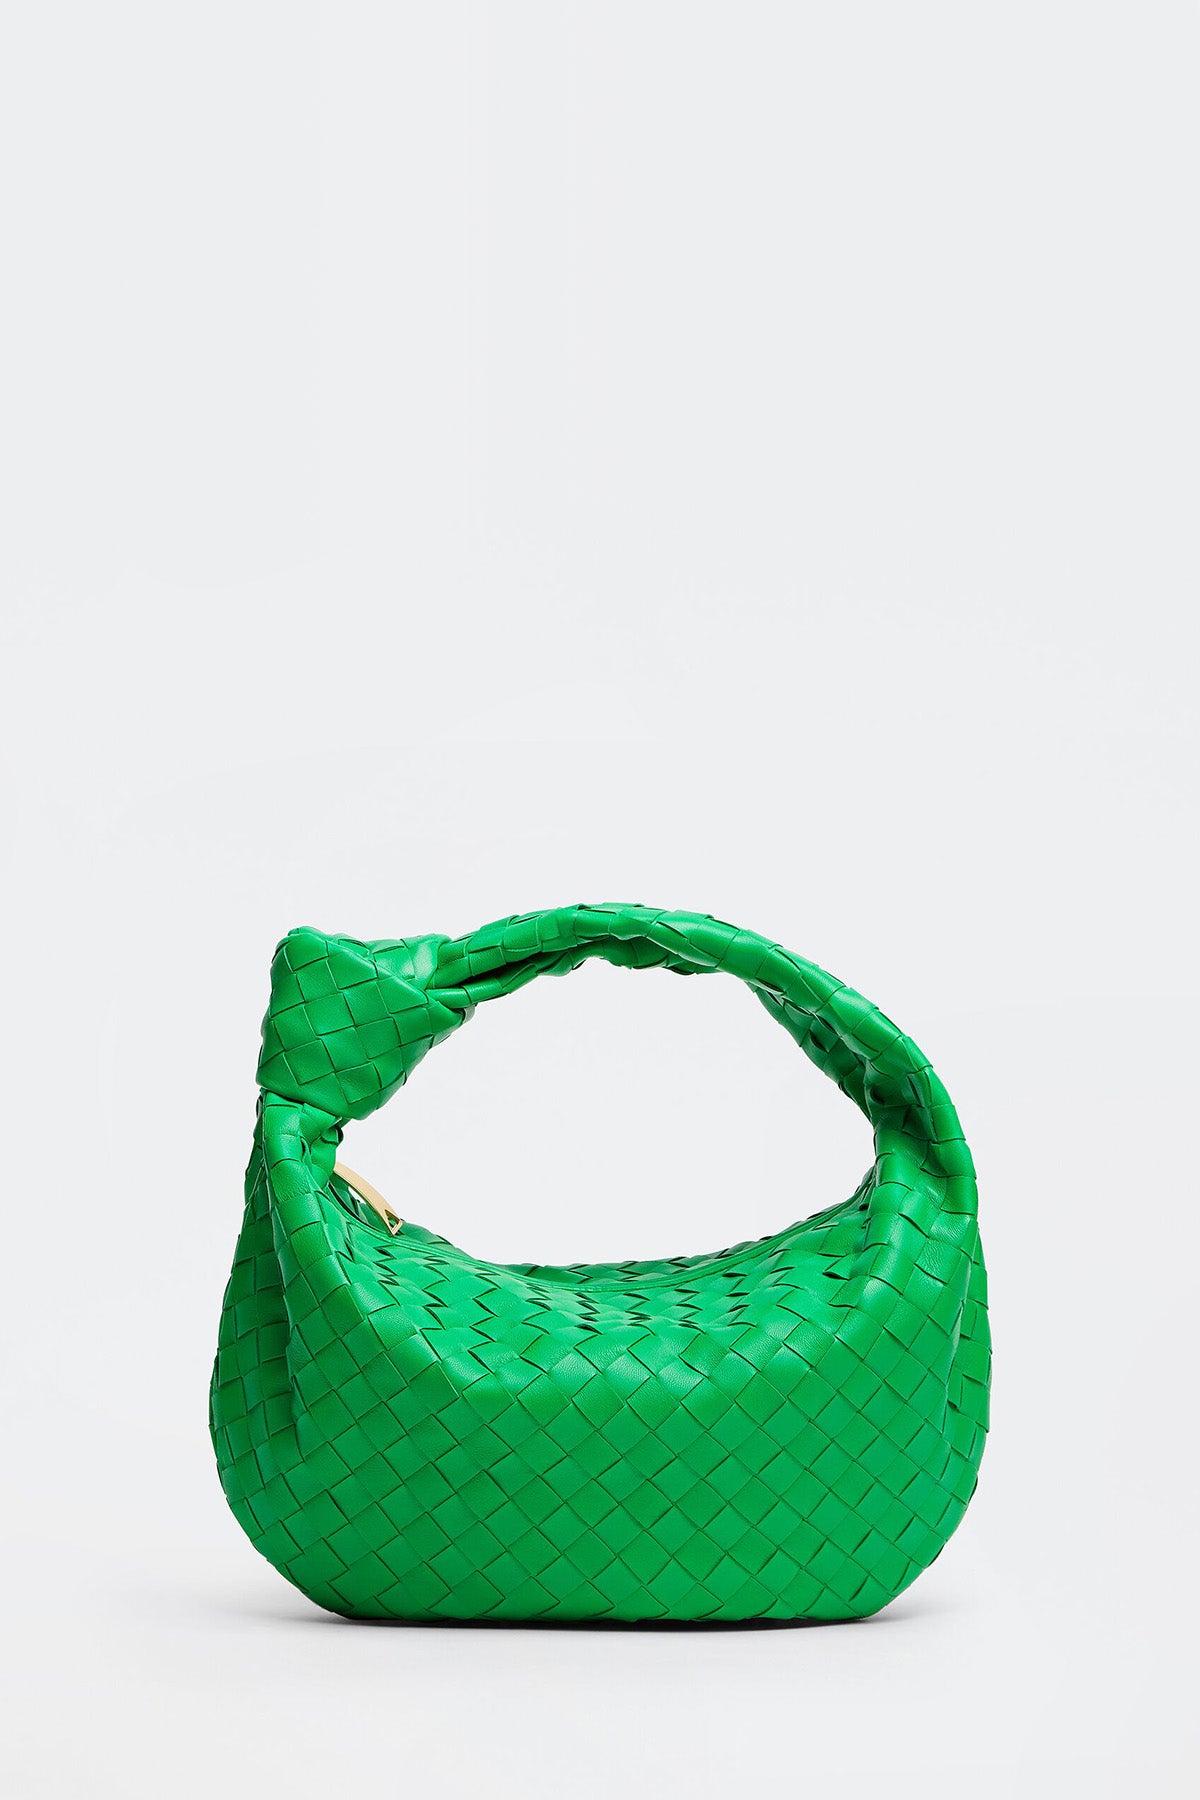 Pouch Teen Leather Clutch in Green - Bottega Veneta
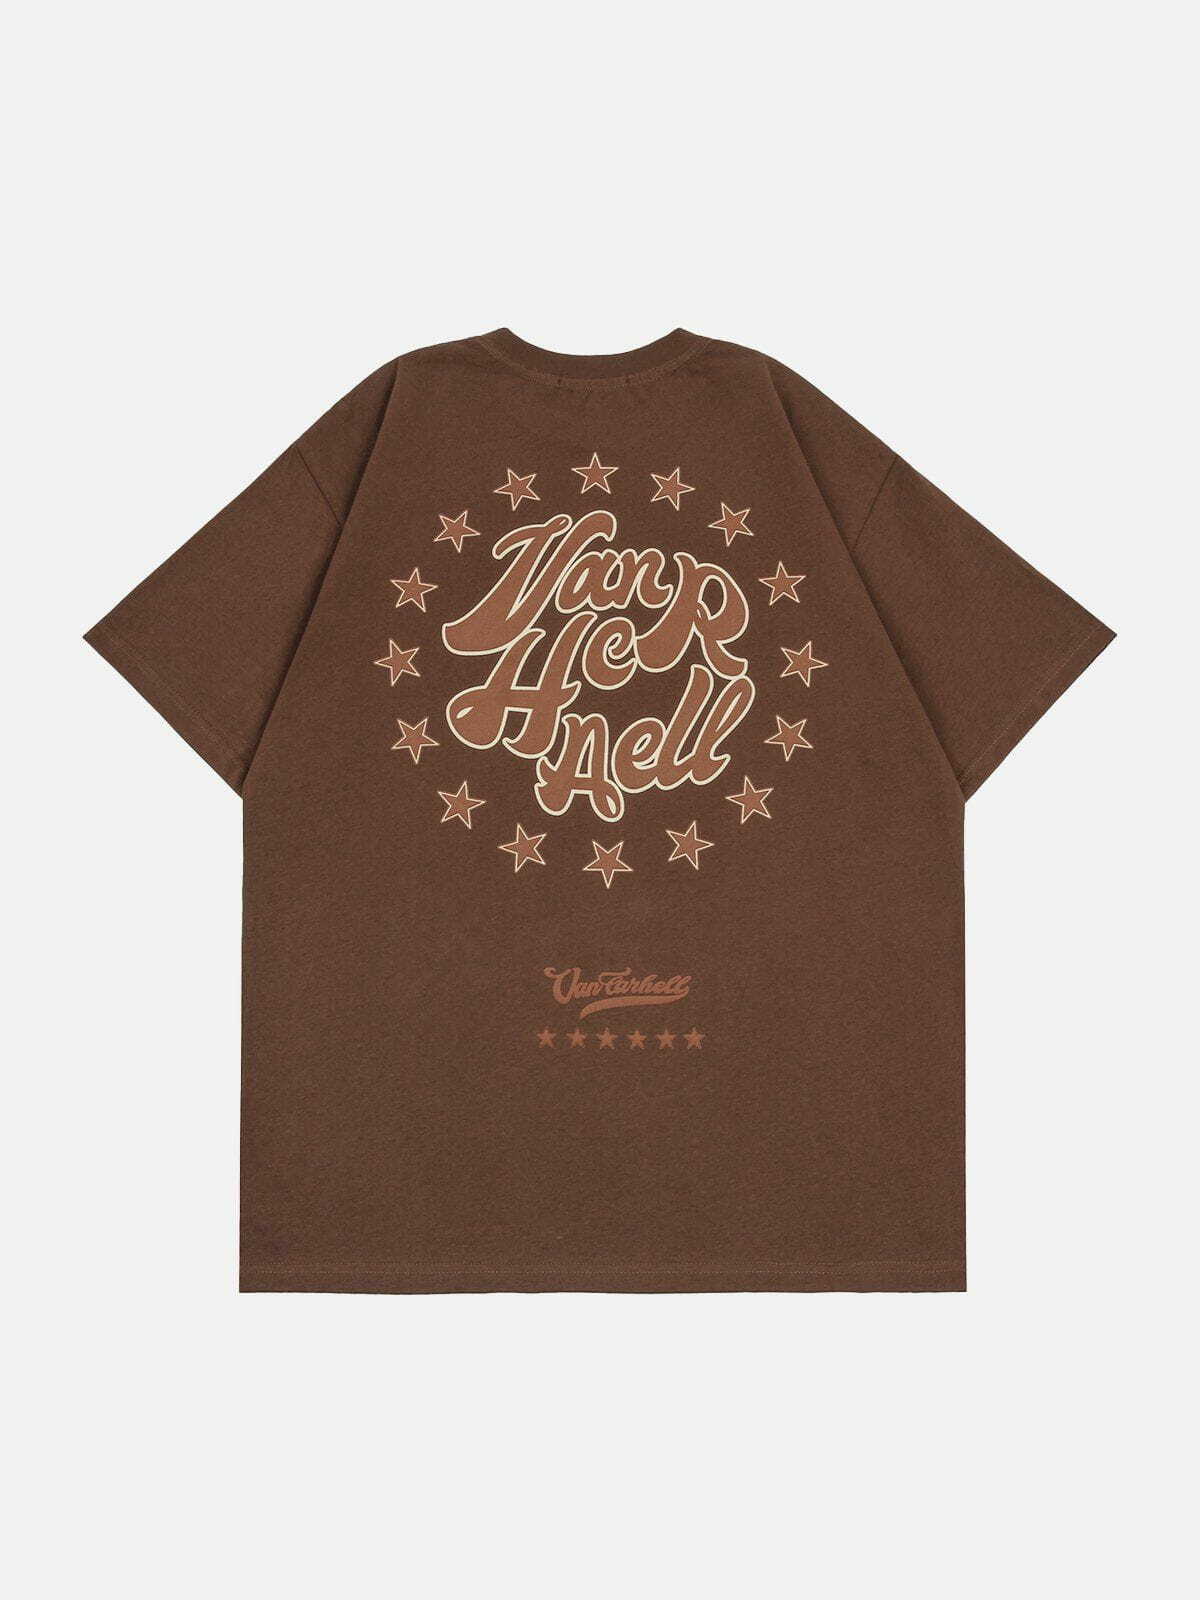 playful star print tee edgy  retro shirt for youthful streetwear 3354
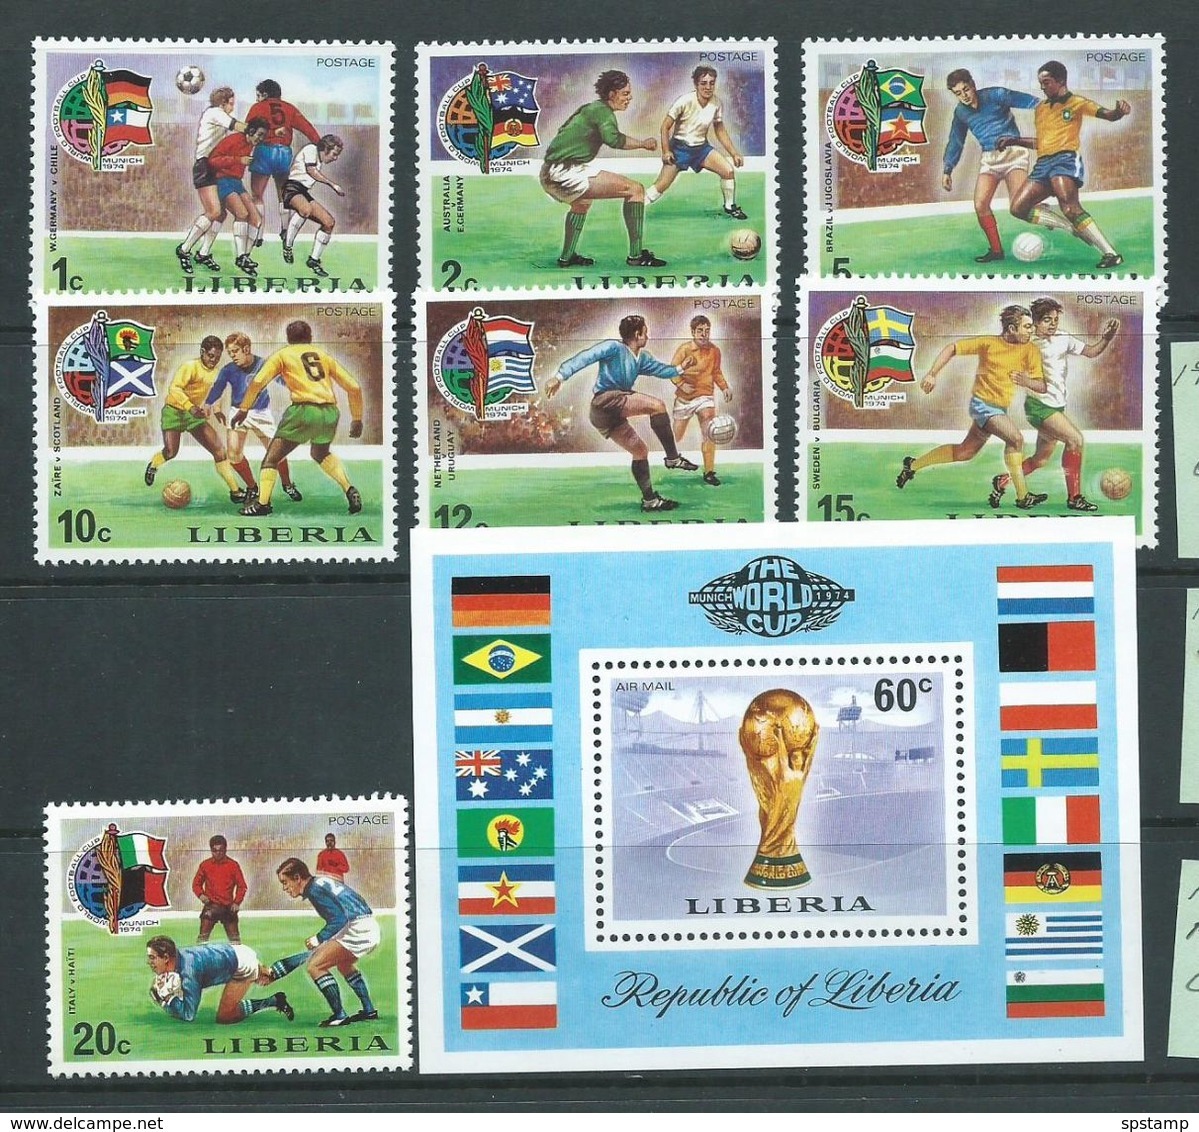 Liberia 1974 Munich Soccer World Cup Set 7 & Miniature Sheet MNH - 1974 – West Germany
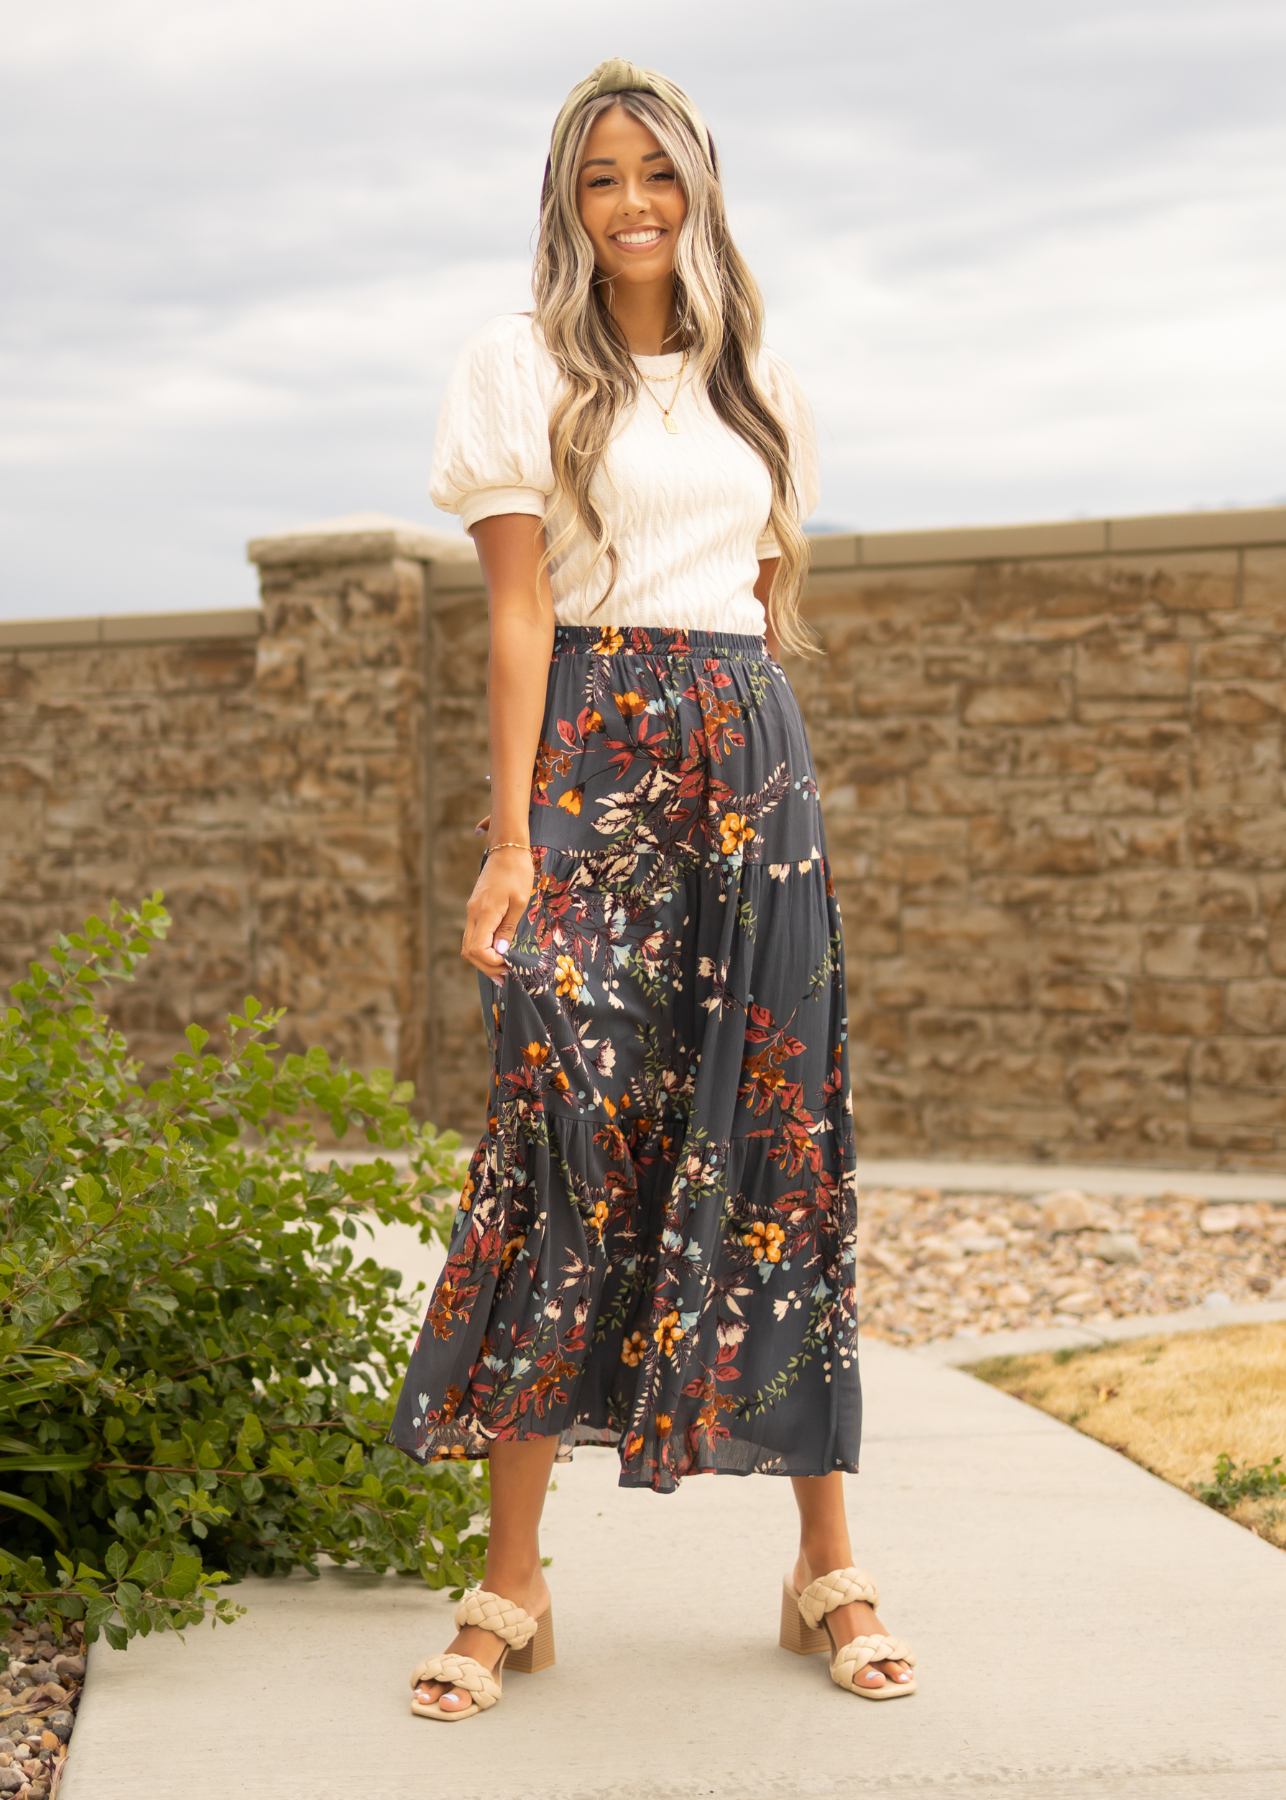 Long teal floral skirt

» Problem description
The whole listing above, minus its pictures, is what you should write out word for word.

» Written solution
 Pouch Teen Leather Clutch in Green - Bottega Veneta
 playful star print tee edgy  retro shirt for youthful streetwear 3354
 Liberia 1974 Munich Soccer World Cup Set 7 & Miniature Sheet MNH - 1974 – West Germany
 Long teal floral skirt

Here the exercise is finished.